All year, a narrative has been developing that this fall’s midterms will be a tsunami, that Democrats will get wiped out, that all the energy and excitement is with the GOP. Some of that is true. But, Obama has always been a strong fourth-quarter player, as we saw in the health care debate, using his voice and his arguments to persuade reluctant Democrats to vote for the bill by swaying enough of the voters that polling on the proposal evened out. In the midterms, it is more difficult to win with a fourth quarter strategy: Mr. Obama may be able to energize the base but he is not on the ballot.
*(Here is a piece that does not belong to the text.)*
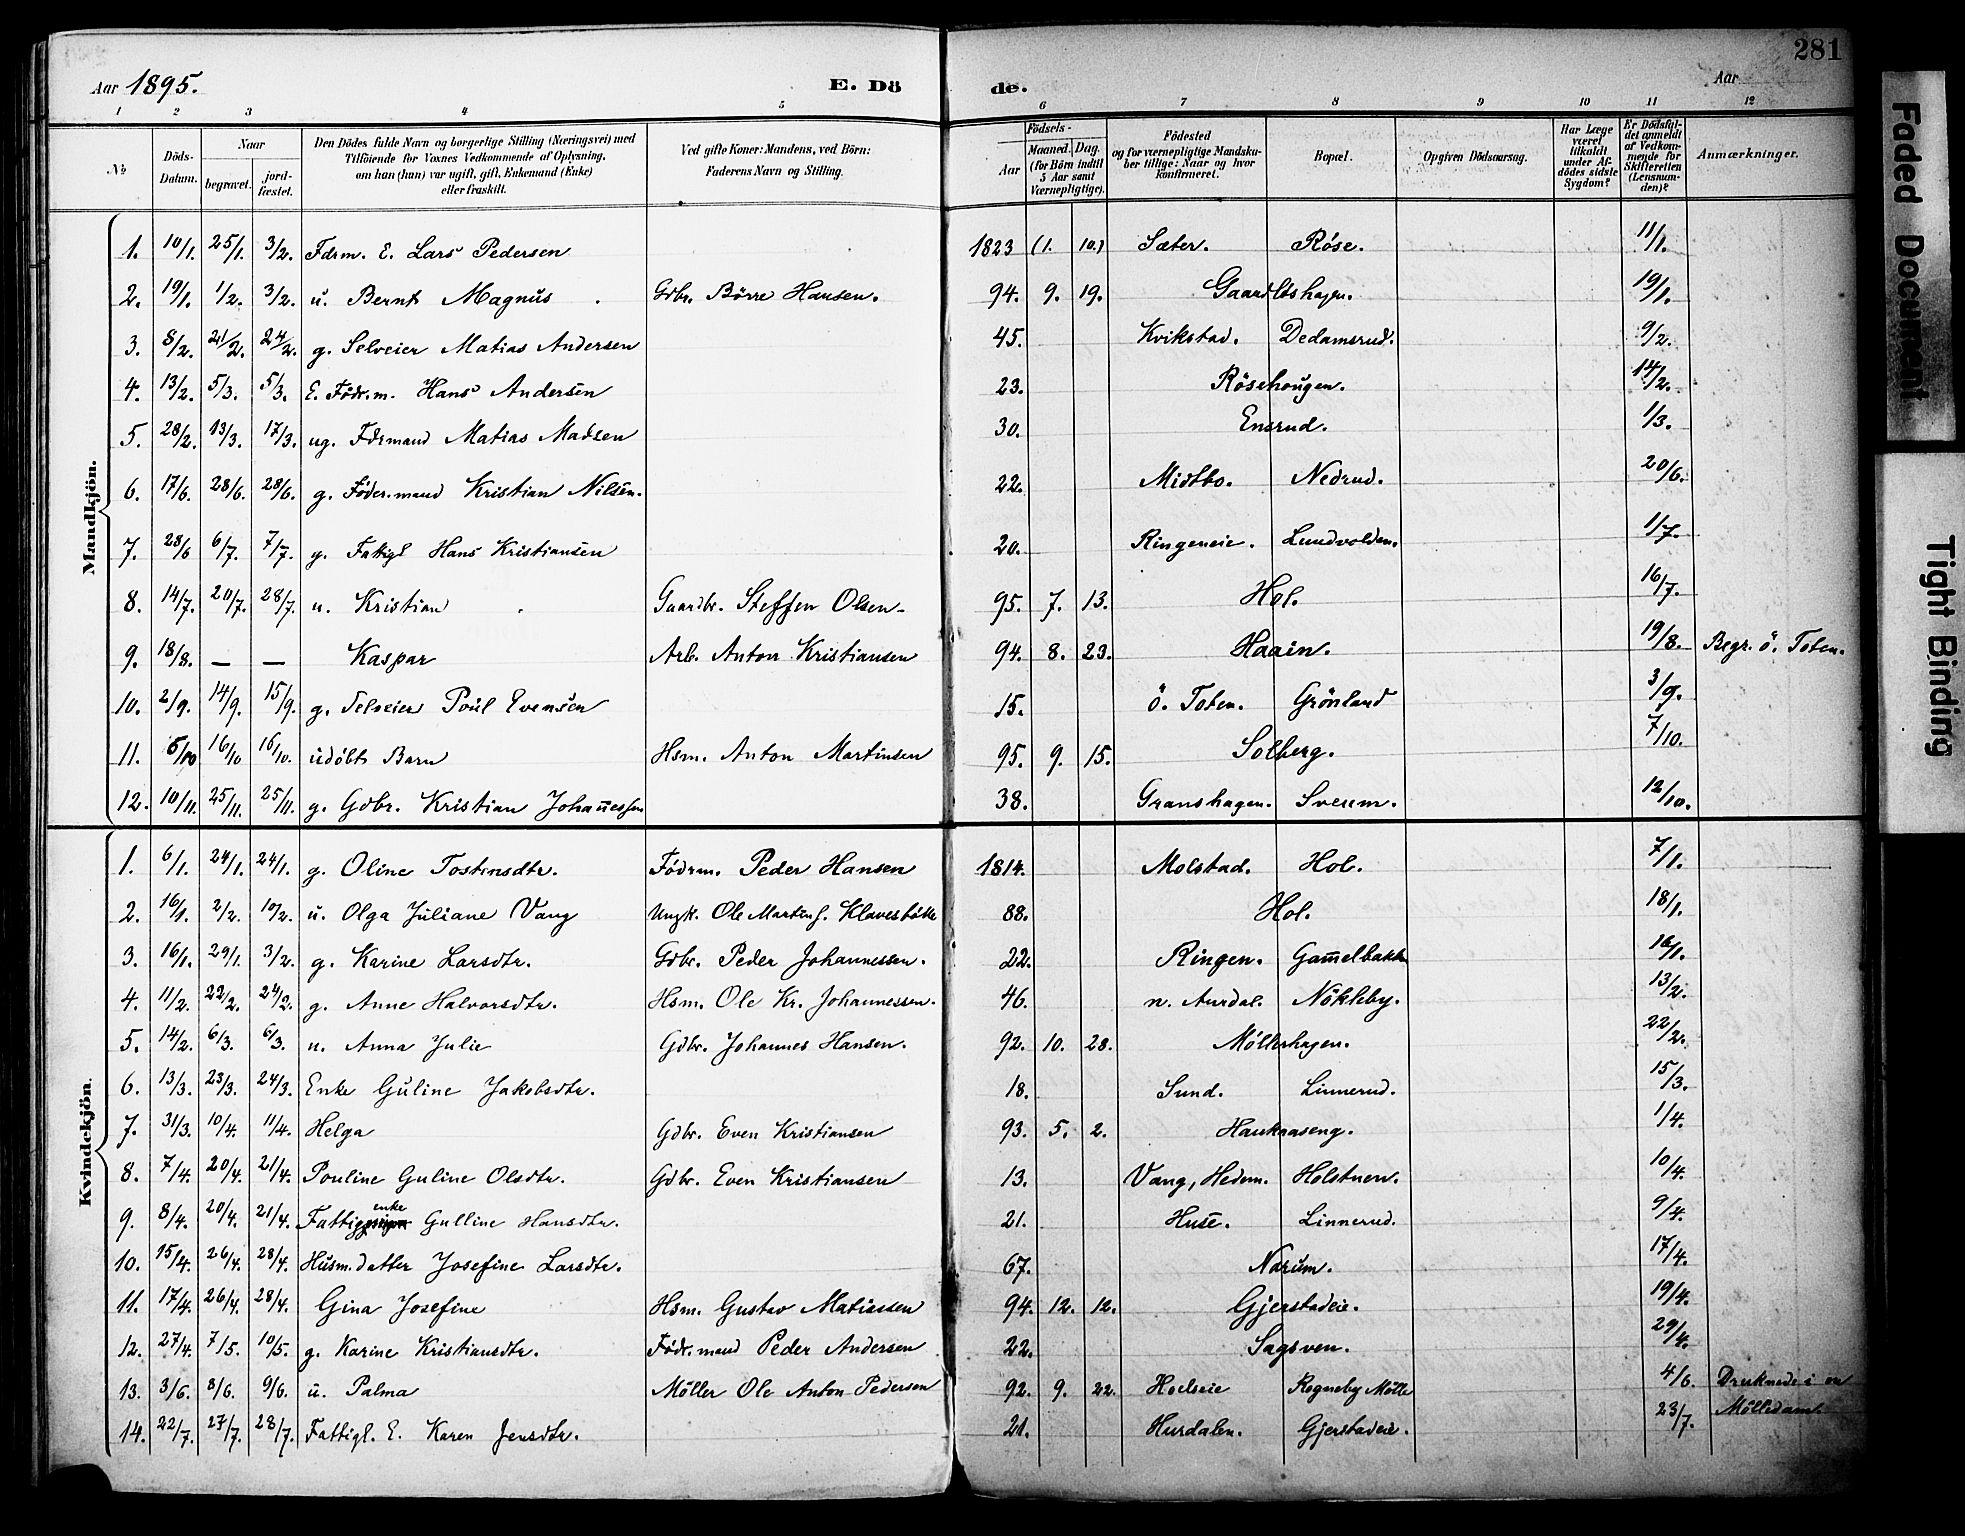 SAH, Vestre Toten prestekontor, H/Ha/Haa/L0013: Ministerialbok nr. 13, 1895-1911, s. 281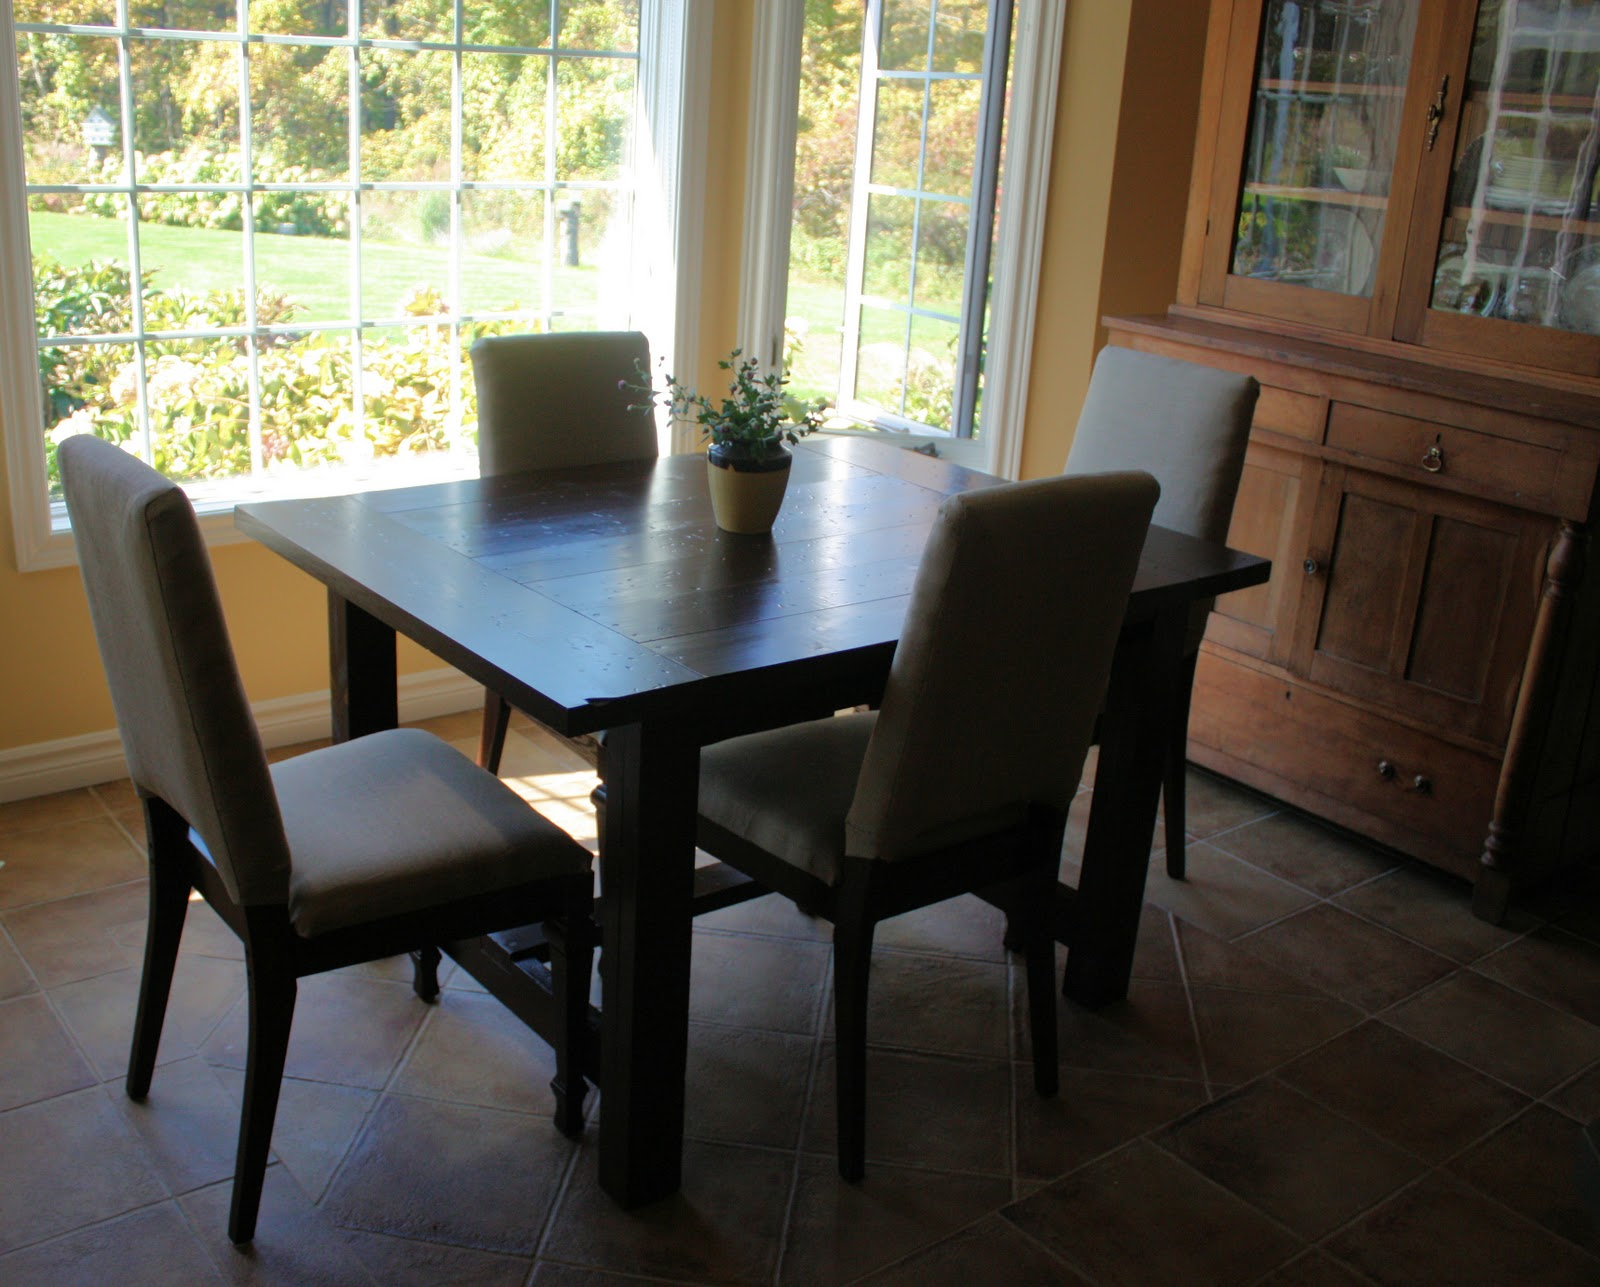 Landlocked: Farmhouse Kitchen Table

The tsunami narrative also tends to obscure the complexity of certain stories. For example, over the past two days, much has been made of the fact that for the first time since 1930, more Republicans voted in primary elections than Democrats. This was seen as evidence of Republicans being especially energized and so it is. But, it is also evidence of the fact that those primaries have been small Republican civil wars in which conservatives rallied to oust not Democrats but moderate Republicans. In Florida, the GOP scrapped its planned “unity rally” after defeated gubernatorial candidate Bill McCollum declined to endorse Rick Scott who won the GOP nod. In Alaska, defeated GOP incumbent Sen. Lisa Murkowski has been searching for an alternate way onto the ballot and has not endorsed Joe Miller who beat her in the primary there. Record turnout? Yes. Wounds that have not yet turned into scars? Yes, also.
Make no mistake about it. The midterms will see Democrats lose seats. When voters are this angry and frustrated with Washington, they take it out on the incumbents and, especially, on the party in power. But, I am not yet convinced of the tsunami narrative. The GOP has nominated some very conservative candidates who will not play as well in a general election as they did in a Republican primary. Kentucky is a Senate seat they should have no trouble holding. Sen. Harry Reid should be the easiest incumbent to known off. Alaska looked to be sending Murkowski back for six more years. Now, all three GOP strongholds are in play.
The most important thing the President has to do is make a simple argument. He and the Democrats are at least trying to dig us out of the hole. The Republicans appear to want to dig the hole deeper. We can disagree about the specifics, and the President needed to be cautioning against expecting quick results all year, and doing so more forcefully than he has until this week. But, when people are frustrated, they want the government to do something to make things right.